CzEng 0.5 consists of a large set of parallel textual documents mainly from the fields of European law, information technology, and fiction, all of them converted into a uniform XML-based file format and provided with automatic sentence alignment. The corpus contains altogether 7,743 document pairs. Full details on the corpus size are given in the table below.

2. Download

Full CzEng 0.5 data are available in the following package:

3. Sources of Parallel Texts

We have used texts from the following publicly available sources:

  • Acquis Communautaire Parallel Corpus (prefix celex) available at http://wt.jrc.it/lt/Acquis/. It contains a huge body of EU legislative texts written between 1950s and 2005 (CzEng uses only two out of 20 languages covered by Acquis Communautaire Corpus).

  • Corpus OPUS available at http://logos.uio.no/opus/. It is an open source collection of freely available corpora; two of them are used in CzEng:

    • EU constitution proposal (prefix euconst)

    • KDE documentation (prefix kde)

  • Samples from the Official Journal of the European Union (prefix eujournal) available at http://europa.eu.int/eur-lex/lex/JOIndex.do?ihmlang=en. This is a tiny collection of some rather randomly chosen issues of the the Official Journal of the European Union.
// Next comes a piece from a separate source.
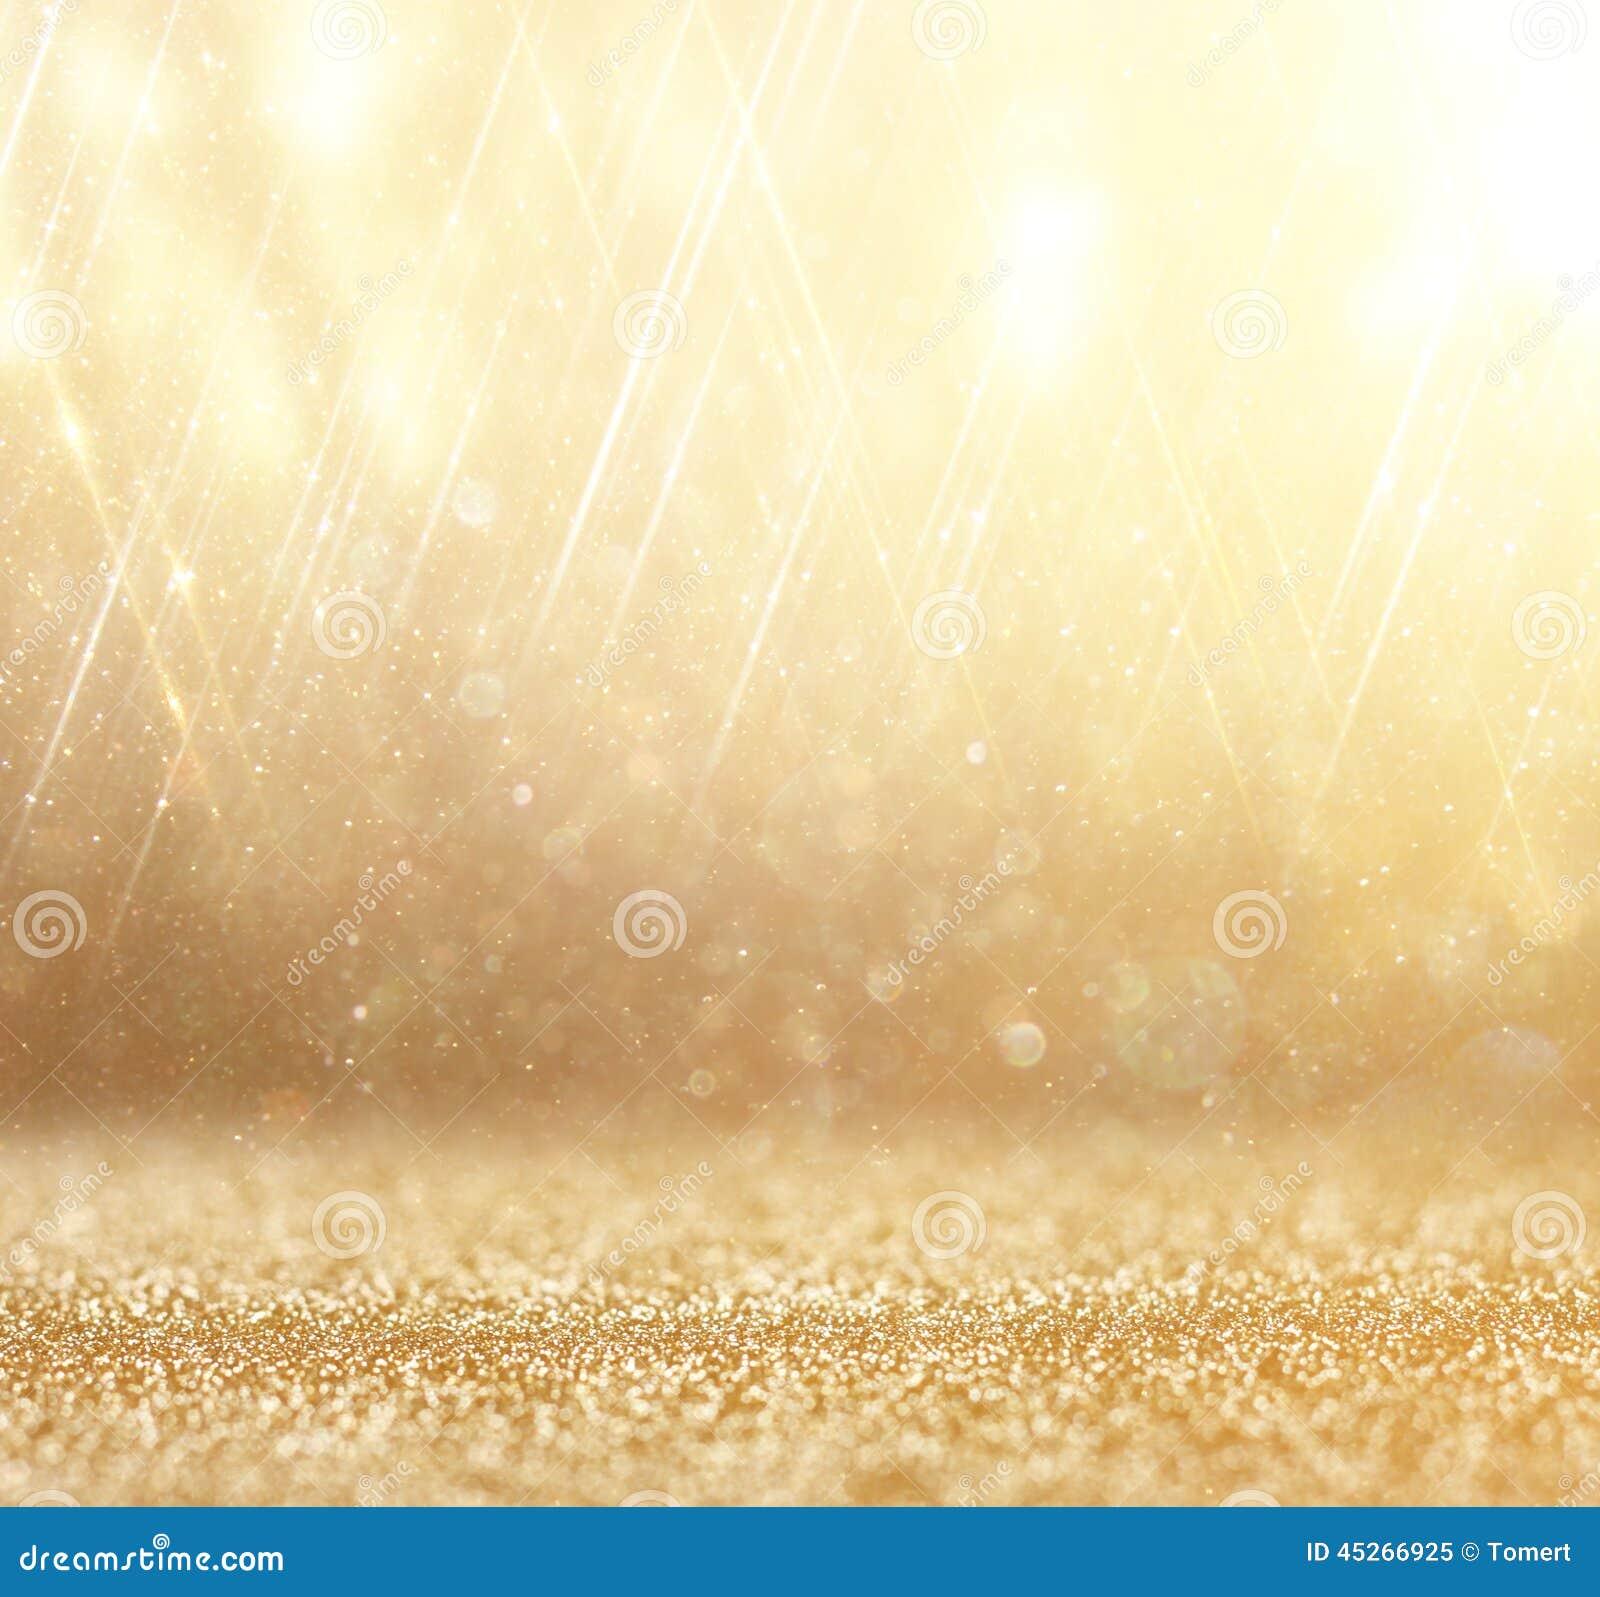 Glitter vintage lights background. abstract gold background . defocused

  • Reader's Digest stories from two sources:

    • Stories available as a part of Prague Czech-English Dependency Treebank (PCEDT) (prefix pcedt-rd). For more information on PCEDT, see http://ufal.mff.cuni.cz/pcedt/.

    • Additional Reader's Digest stories (prefix rd2).

  • Parallel corpus Kačenka (prefix kacenka) available at http://www.phil.muni.cz/angl/kacenka/kachna.html. Because of the authors' rights, CzEng 0.5 can include only its subset, namely the following books: D. H. Lawrence: Sons and Lovers / Synové a milenci, Ch. Dickens: The Pickwick Papers / Pickwickovci, Ch. Dickens: Oliver Twist, T. Hardy: Jude the Obscure / Neblahý Juda, T. Hardy: Tess of the d'Urbervilles / Tess z d'Urbervillu.

  • E-books (prefix books) freely available on the Internet both in English and Czech (especially at http://www.gutenberg.org and http://www.palmknihy.cz), namely: Jack London: The Star Rover / Tulák po hvězdách, Franz Kafka: Trial / Proces, E.A. Poe: The Narrative of Arthur Gordon Pym of Nantucket: Dobrodružství A.G.Pyma, E.A. Poe: A Descent into the Maelstrom / Pád do Malströmu, Jerome K. Jerome: Three Men in a Boat / Tři muži ve člunu.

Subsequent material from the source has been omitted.